Por estos días de neo casados nos gustaba visitar a don Simón Vargas y doña Teresa Gallo, paisanos de Caldas. Administraban un hotel frente al aeropuerto Tres de Mayo, llamado El Nevado, nombre que contrastaba con la temperatura de 30 grados de una población asentada en la llanura amazónica. En el interior había un jardín de plantas ornamentales, arbustos y árboles. Entre ellos se destacaba por su altura un árbol de hojas lanceoladas y diminutas flores rosadas que daban origen a unos frutos que desbordaban con creces el tamaño de las pequeñas flores.
Son frutas que crecen apiñadas en las ramas frágiles y quebradizas formando ramilletes pesados y también en el tronco del árbol, en forma de estrella de cinco puntas; su pulpa es jugosa, un poco fibrosa y de sabor ácido.
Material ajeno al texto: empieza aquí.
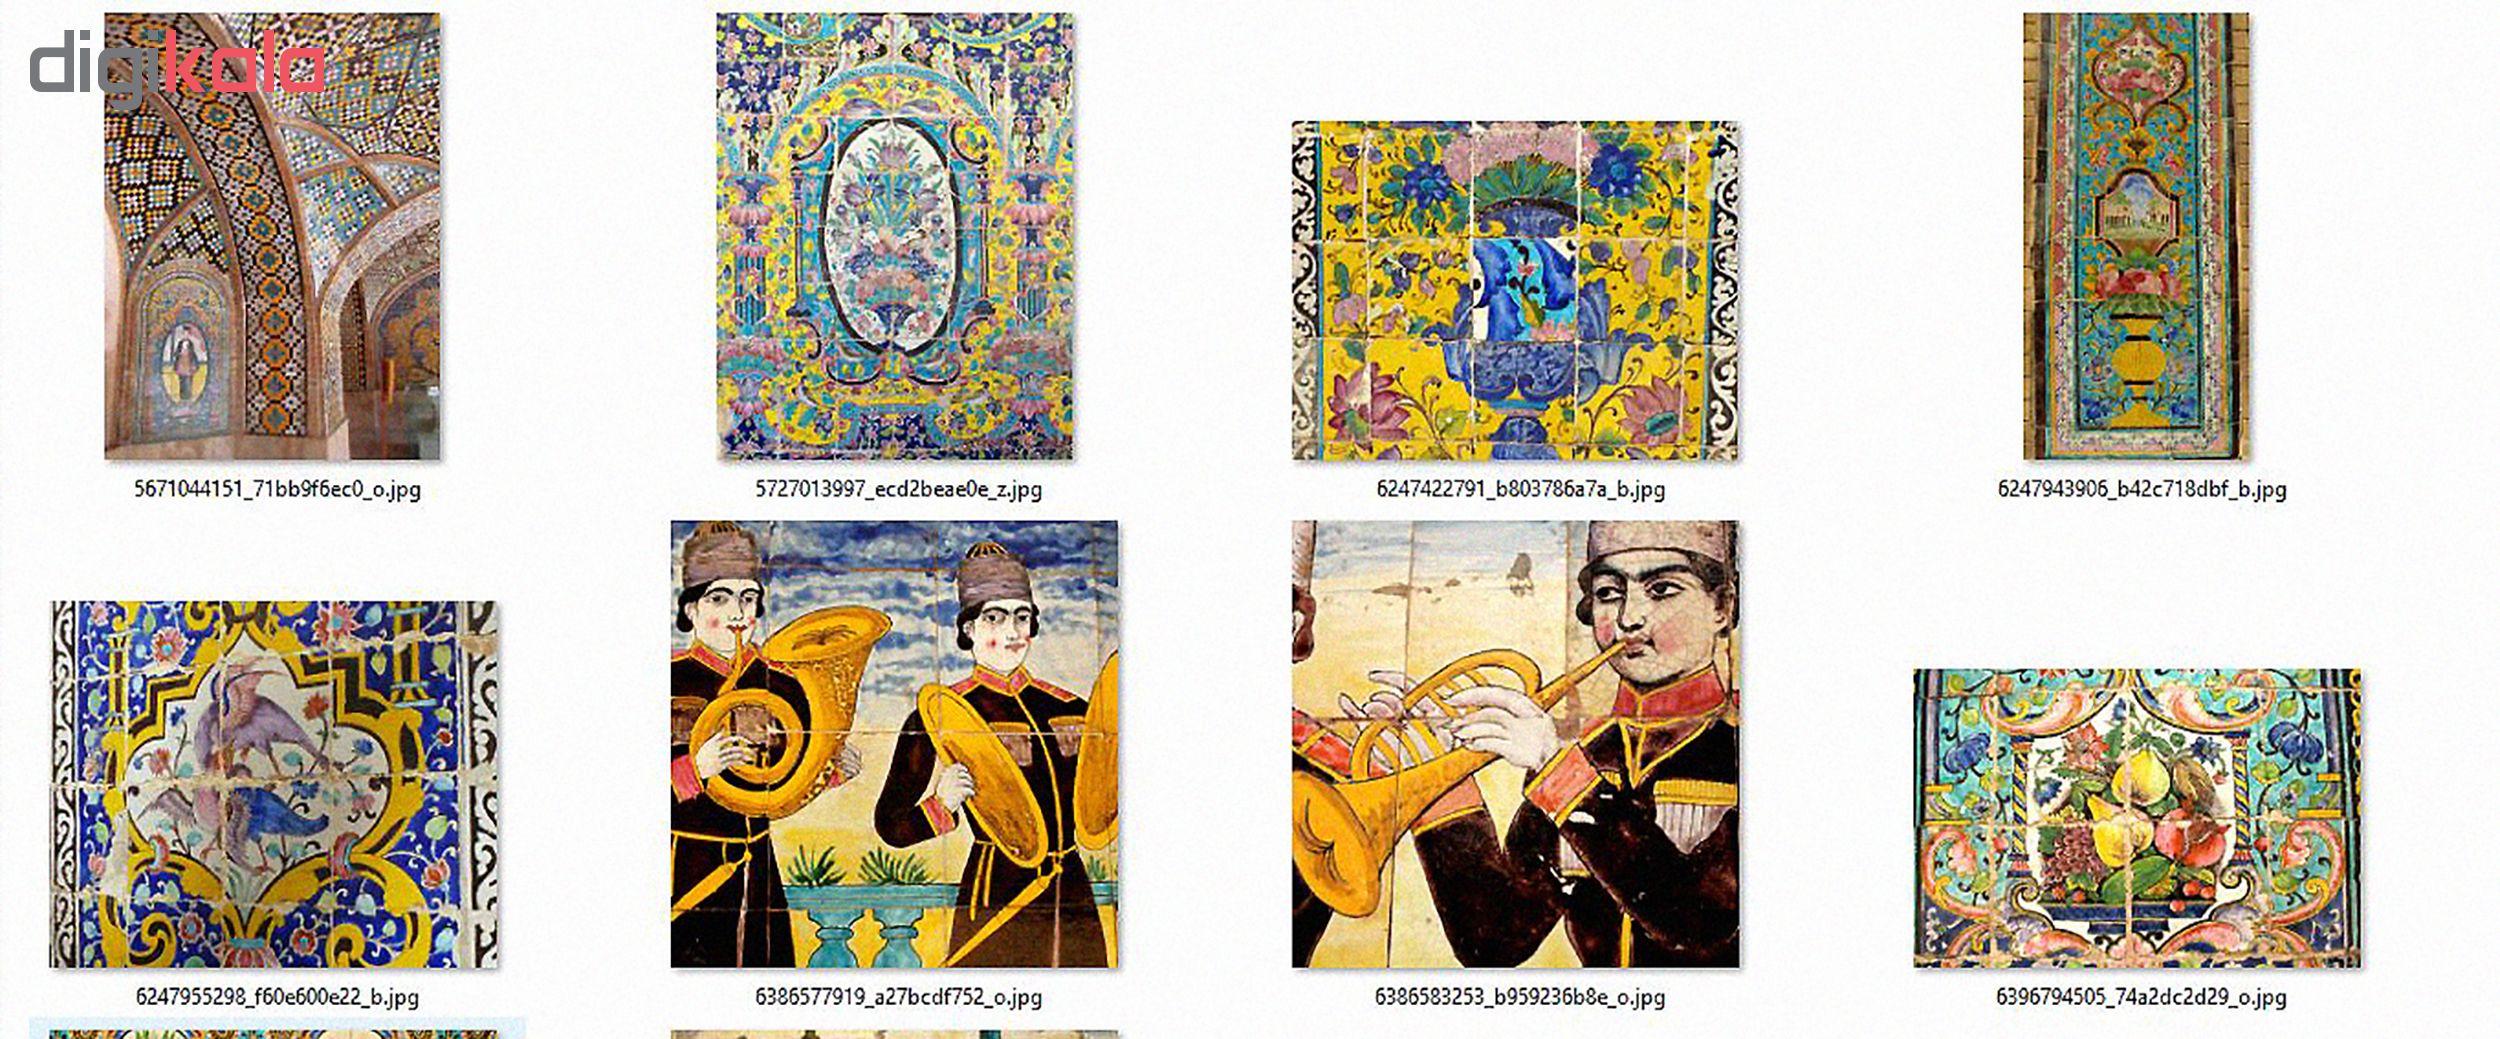 مجموعه کاشی کاری ایرانی- اسلامی

Nos causó admiración el arbolito por sus frutos. Doña Teresa, después de darnos una degustación, nos obsequió algunos. Ya en casa, tras partirlos para licuar y convertirlos en jugo, extrajimos con cuidado las diminutas semillas y las sembramos en nuestra huerta, relativamente cerca de la casa.
Se puede comparar esta semilla tan pequeña con otras semillas de plantas y árboles, como la de mostaza, el conocido y antiguo condimento que Jesús en los Evangelios lo eleva a la categoría de símil para la fe que, si la “tuviéramos como un granito de mostaza” conseguiríamos grandes logros, “hasta mover montañas”.
Con la fe un poco más grande que la semillita de carambolo que introdujimos con cuidado y amor en el seno de la tierra, continuamos forjando nuestros sueños de pareja, que aún no se cristalizaban en el fruto anhelado de nuestro primer hijo. Vimos cómo surgía de la tierra, después de un tiempo, un frágil tallo verde claro, que, lento abría sus alitas en forma de hojas. Lo abonamos, lo cuidamos, lo protegimos de la cizaña y de las plagas, lo regamos en días de sequía. Al mismo tiempo cuidábamos y protegíamos nuestra unión conyugal de las asechanzas del enemigo: el desamor, la falta de atención mutua, la rutina, los celos, la rivalidad y otras muchas plagas que atacan la relación de pareja.
El árbol de carambolo crece lento y perezoso al comienzo, pero cuando logra la mayoría de edad y llega a la adultez se constituye en un frondoso árbol de follaje espeso y grueso tronco. Así mismo era nuestro incipiente hogar. Carecíamos de muchas comodidades y lujos, pero estábamos pletóricos de amor, fe, ilusiones y metas por alcanzar.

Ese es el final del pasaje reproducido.